▸ **Records from a data source**
☆ ☆ ☆ ☆
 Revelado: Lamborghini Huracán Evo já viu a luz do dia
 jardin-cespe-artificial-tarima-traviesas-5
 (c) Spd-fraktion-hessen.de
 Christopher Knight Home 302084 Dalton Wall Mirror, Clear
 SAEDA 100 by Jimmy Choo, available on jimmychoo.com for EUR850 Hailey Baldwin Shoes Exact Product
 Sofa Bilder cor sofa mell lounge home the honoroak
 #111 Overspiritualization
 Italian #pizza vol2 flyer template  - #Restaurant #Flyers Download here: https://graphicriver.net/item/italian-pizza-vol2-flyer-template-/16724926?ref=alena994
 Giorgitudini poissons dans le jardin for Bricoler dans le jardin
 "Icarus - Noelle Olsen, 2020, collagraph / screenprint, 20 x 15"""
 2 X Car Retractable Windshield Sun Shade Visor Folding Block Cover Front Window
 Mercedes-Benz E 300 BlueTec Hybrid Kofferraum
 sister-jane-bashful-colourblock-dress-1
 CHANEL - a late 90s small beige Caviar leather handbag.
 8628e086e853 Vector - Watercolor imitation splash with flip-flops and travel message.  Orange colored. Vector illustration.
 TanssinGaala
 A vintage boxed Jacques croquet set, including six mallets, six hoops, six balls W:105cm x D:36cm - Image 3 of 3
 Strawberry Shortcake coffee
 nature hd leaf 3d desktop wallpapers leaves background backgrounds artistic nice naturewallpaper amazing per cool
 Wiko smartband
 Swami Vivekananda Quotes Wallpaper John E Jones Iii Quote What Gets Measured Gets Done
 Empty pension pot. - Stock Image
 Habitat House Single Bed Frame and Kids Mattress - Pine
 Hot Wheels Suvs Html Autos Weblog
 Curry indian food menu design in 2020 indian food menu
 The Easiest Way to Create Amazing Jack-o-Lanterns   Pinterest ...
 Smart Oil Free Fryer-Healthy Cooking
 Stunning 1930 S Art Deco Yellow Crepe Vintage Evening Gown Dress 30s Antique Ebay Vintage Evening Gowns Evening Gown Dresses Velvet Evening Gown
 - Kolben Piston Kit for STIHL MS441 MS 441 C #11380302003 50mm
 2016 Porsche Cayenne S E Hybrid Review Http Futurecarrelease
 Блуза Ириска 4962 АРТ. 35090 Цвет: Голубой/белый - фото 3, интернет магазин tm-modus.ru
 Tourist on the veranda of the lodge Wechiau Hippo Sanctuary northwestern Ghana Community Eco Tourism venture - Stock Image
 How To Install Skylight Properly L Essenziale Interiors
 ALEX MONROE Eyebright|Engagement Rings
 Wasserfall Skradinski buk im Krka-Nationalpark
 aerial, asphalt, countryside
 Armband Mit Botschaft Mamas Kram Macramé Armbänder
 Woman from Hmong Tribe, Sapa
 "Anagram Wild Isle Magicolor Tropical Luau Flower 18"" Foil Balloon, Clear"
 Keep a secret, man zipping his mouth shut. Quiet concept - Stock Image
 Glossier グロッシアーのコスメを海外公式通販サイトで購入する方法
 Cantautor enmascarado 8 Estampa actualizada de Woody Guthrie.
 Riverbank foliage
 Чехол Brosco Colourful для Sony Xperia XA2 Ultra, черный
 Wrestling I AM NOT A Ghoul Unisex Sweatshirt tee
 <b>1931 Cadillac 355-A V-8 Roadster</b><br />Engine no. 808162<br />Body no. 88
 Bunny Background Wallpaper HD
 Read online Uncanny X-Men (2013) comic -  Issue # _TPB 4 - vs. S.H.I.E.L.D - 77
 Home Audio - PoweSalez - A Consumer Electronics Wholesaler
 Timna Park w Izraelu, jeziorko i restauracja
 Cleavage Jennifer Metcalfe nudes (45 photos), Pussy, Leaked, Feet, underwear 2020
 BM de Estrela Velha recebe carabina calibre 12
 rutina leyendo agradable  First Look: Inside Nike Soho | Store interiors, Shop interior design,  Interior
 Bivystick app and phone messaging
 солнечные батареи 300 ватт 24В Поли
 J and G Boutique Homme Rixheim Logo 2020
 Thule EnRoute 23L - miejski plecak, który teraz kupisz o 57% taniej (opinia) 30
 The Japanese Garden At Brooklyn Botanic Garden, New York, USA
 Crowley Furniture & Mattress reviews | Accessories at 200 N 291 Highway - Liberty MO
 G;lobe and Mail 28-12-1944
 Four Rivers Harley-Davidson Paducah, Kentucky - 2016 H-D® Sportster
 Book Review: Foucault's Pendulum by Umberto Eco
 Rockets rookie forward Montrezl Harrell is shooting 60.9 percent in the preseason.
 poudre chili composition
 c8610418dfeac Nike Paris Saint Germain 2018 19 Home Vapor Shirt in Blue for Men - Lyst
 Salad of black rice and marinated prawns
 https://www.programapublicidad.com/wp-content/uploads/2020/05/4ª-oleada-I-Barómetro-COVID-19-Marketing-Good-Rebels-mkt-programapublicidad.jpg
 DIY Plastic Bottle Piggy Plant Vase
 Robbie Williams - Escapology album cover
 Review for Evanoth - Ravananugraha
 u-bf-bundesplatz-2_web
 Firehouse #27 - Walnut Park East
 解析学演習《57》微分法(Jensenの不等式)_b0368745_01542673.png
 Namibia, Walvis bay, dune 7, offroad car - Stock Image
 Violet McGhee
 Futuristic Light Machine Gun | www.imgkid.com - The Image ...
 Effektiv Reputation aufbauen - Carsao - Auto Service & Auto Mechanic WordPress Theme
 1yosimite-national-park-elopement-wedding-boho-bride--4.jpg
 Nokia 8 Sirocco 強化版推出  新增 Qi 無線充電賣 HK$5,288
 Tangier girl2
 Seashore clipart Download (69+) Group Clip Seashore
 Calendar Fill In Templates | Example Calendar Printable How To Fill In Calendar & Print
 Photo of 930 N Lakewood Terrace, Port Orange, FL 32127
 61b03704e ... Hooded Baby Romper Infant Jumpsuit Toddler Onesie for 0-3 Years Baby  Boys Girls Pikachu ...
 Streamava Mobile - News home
☆ ☆ ☆ ☆
▸ **Work instructions**
Return, unchanged, the run of lines above that opens with the line containing "Curry indian food" and closes with the line containing "Блуза Ириска 4962". Include both.

▸ **Result**
 Curry indian food menu design in 2020 indian food menu
 The Easiest Way to Create Amazing Jack-o-Lanterns   Pinterest ...
 Smart Oil Free Fryer-Healthy Cooking
 Stunning 1930 S Art Deco Yellow Crepe Vintage Evening Gown Dress 30s Antique Ebay Vintage Evening Gowns Evening Gown Dresses Velvet Evening Gown
 - Kolben Piston Kit for STIHL MS441 MS 441 C #11380302003 50mm
 2016 Porsche Cayenne S E Hybrid Review Http Futurecarrelease
 Блуза Ириска 4962 АРТ. 35090 Цвет: Голубой/белый - фото 3, интернет магазин tm-modus.ru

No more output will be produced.